Detecting LLM Hallucination Through Layer-wise Information Deficiency: Analysis of Ambiguous Prompts and Unanswerable Questions
This addresses the risk of inaccurate LLM responses in safety-critical domains by providing a test-time detection method for ambiguous or insufficient inputs.
The paper tackles the problem of detecting hallucinations in large language models (LLMs) by analyzing information flow across model layers, revealing that hallucinations correlate with deficiencies in inter-layer transmissions and achieving robust detection without requiring model retraining.

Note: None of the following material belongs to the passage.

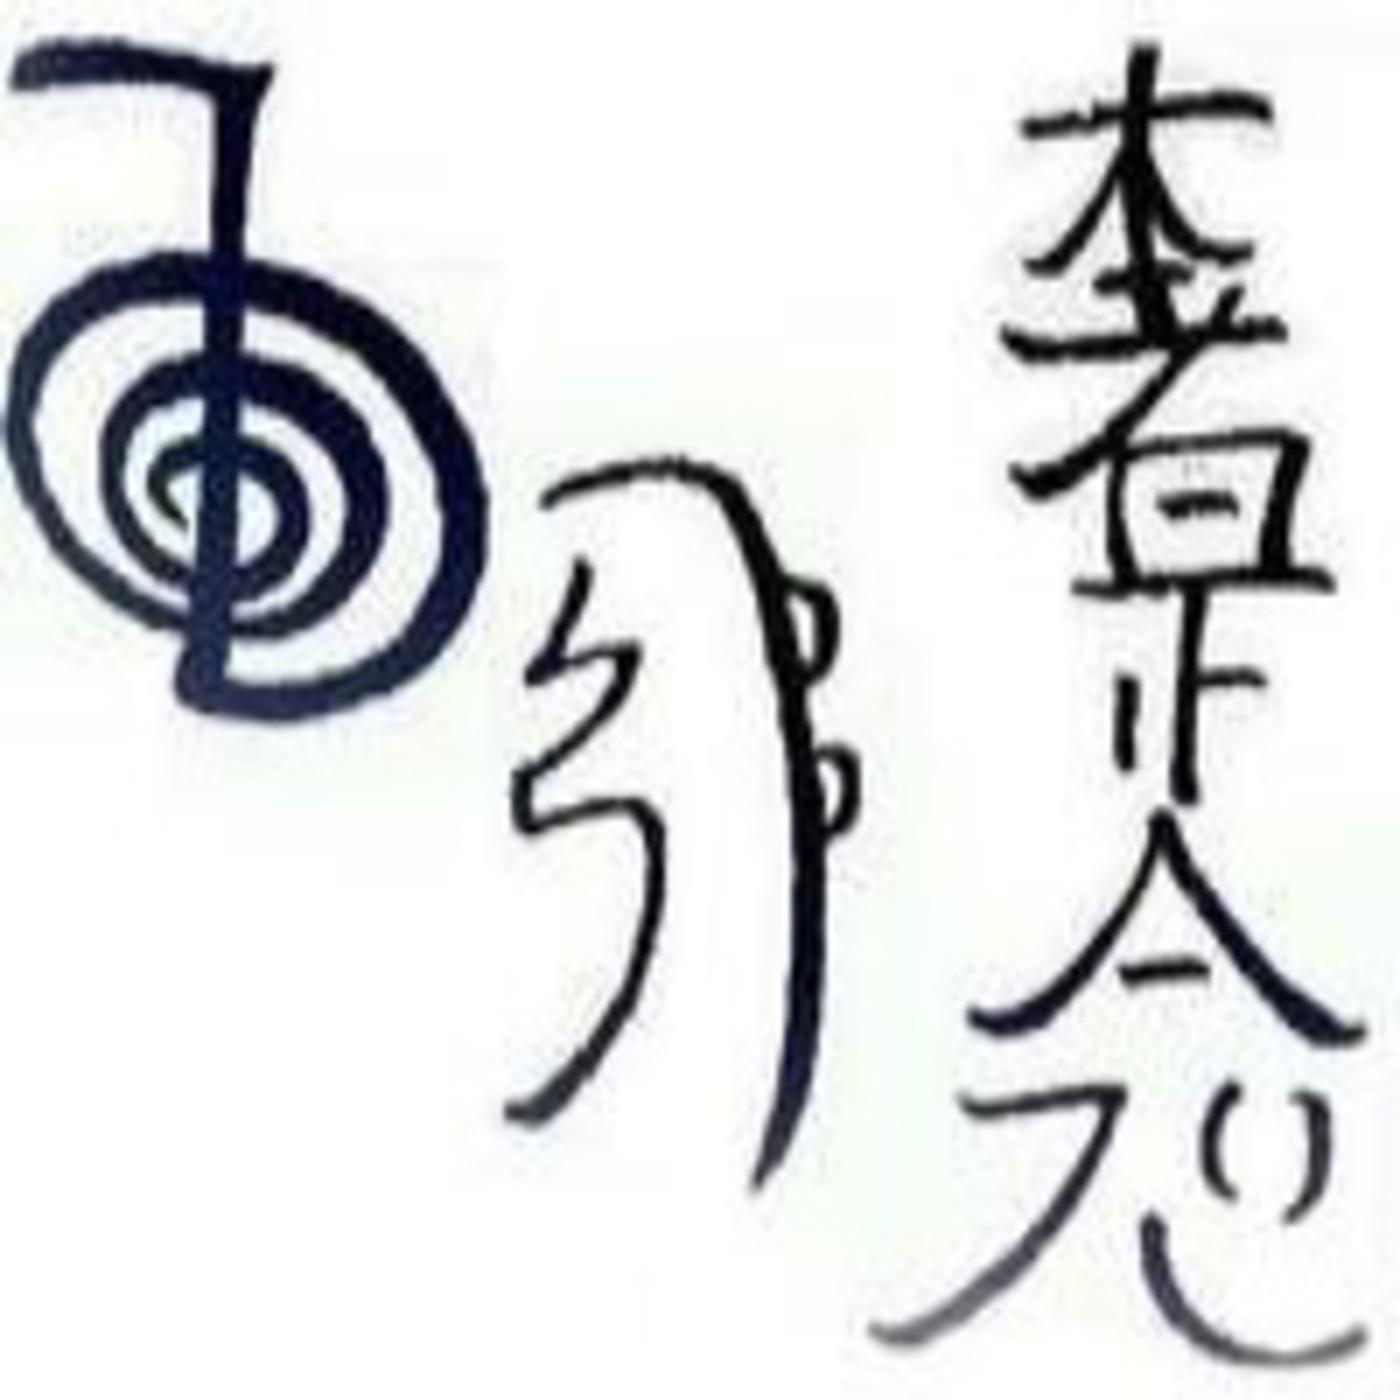 SÍMBOLOS DE REIKI musica para armonizar de tres símbolos
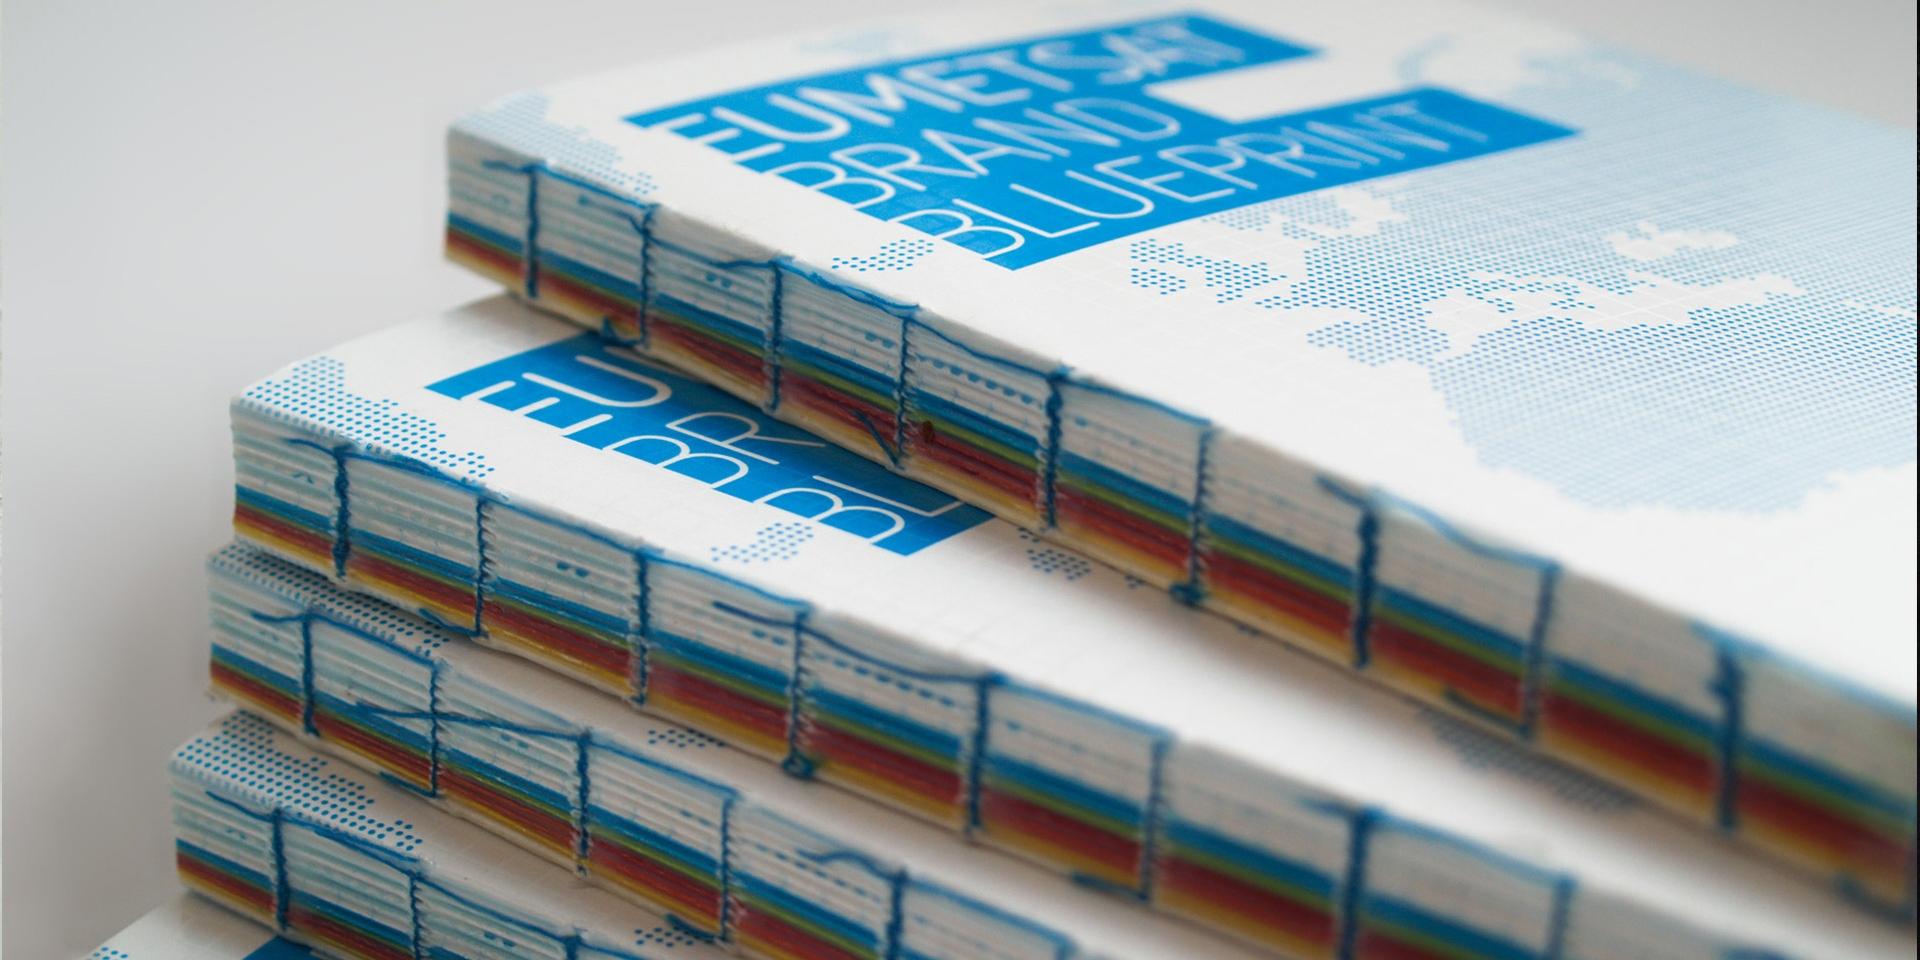 Eumetsat Branding

Large language models (LLMs) frequently generate confident yet inaccurate responses, introducing significant risks for deployment in safety-critical domains. We present a novel, test-time approach to detecting model hallucination through systematic analysis of information flow across model layers. We target cases when LLMs process inputs with ambiguous or insufficient context. Our investigation reveals that hallucination manifests as usable information deficiencies in inter-layer transmissions. While existing approaches primarily focus on final-layer output analysis, we demonstrate that tracking cross-layer information dynamics ($\mathcal{L}$I) provides robust indicators of model reliability, accounting for both information gain and loss during computation. $\mathcal{L}$I integrates easily with pretrained LLMs without requiring additional training or architectural modifications.